Vaccination hesitation is a complex issue. A person’s decision to accept or reject a vaccine is influenced by a range of factors, from political influences to cultural beliefs to previous vaccination experiences. Deciding whether to vaccinate a child is arguably even more complicated.

It is perhaps not surprising that children’s COVID vaccine protection varies greatly. In the UK, the proportion of five to eleven year olds who have received at least one dose ranges from around 3% in Northern Ireland to 9% in England, 13% in Wales and 20% in Scotland.

Many countries have achieved higher coverage. For example, in Austria, Iceland, Portugal, Spain and Denmark, more than 20% of children aged five to nine have received two doses. In the US, more than a third of children aged five to 11 and 70% of children aged 12 to 15 have received at least one dose, while in Australia more than half of children aged five to 11 have received one Received a push, with nearly 40% receiving two.

So why aren’t childhood vaccination rates higher in the UK? One reason is undoubtedly the timing. For example, while vaccines for five to eleven year olds were recommended in the United States in November 2021, they were not offered to this age group in England until early April.

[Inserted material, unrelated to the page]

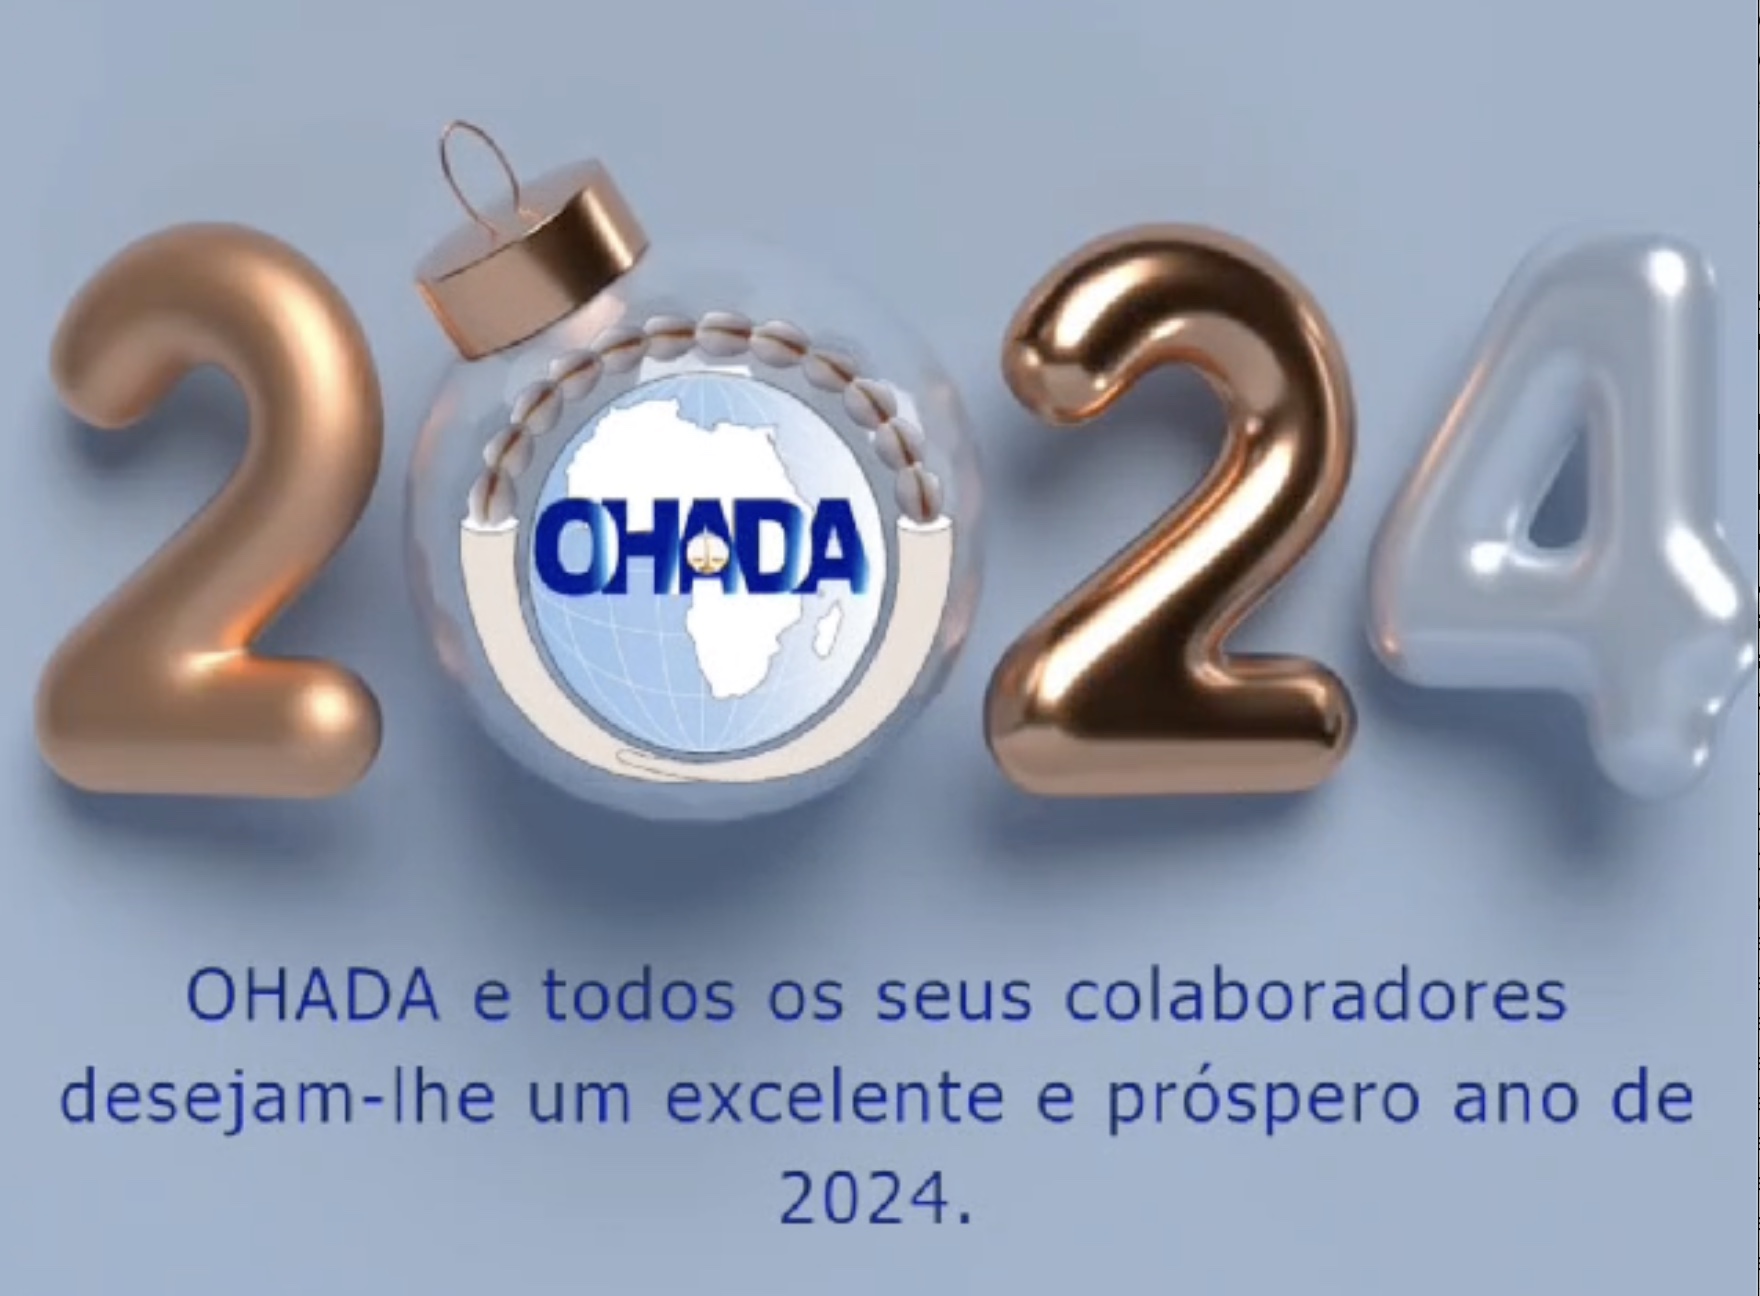 OHADA e todos os seus colaboradores desejam-lhe um excelente e prÒspero ano de 2024

But there are other likely reasons for this slow uptake.

safety and side effects

In Our Public Views During the COVID Pandemic project, my colleagues and I have been following public opinion on COVID vaccines. As part of this study, 24 adults participated in focus groups where we discussed attitudes towards childhood COVID vaccines.

Many participants in this study were concerned about possible unknown side effects. As one parent put it, “I still feel that [at] Sometime in the future they will discover something [about the vaccine] that affects kids more than adults.” Another said, “I don’t want my son to be part of a giant experiment.”

Concerns about side effects are also commonly identified in large surveys examining parents’ views on COVID vaccines for children.



Read more: COVID Vaccines for Children Under Five: What Parents Need to Know


It is understandable that many people, especially parents, feel increased hesitation when making a decision that affects children. But COVID vaccines have proven effective and safe in this age group.

All side effects are generally mild and should only last a day or two. More serious side effects such as heart inflammation (myocarditis) are very rare.

inequalities

As with adults, there are significant socioeconomic inequalities in coverage. Children from some ethnic groups and from more economically disadvantaged backgrounds were less likely to be vaccinated.

For example, in January 2022, only one in eight Black Caribbean and Gypsy/Roma 12- to 15-year-olds had received at least one dose, compared with six in ten white Britons and three-quarters of Chinese 12- to 15-year-olds. Schools with more than half of their students having access to free school meals had an average immunization rate of 29%, while schools with fewer than 5% of students having access to free meals had an average immunization rate of 73%.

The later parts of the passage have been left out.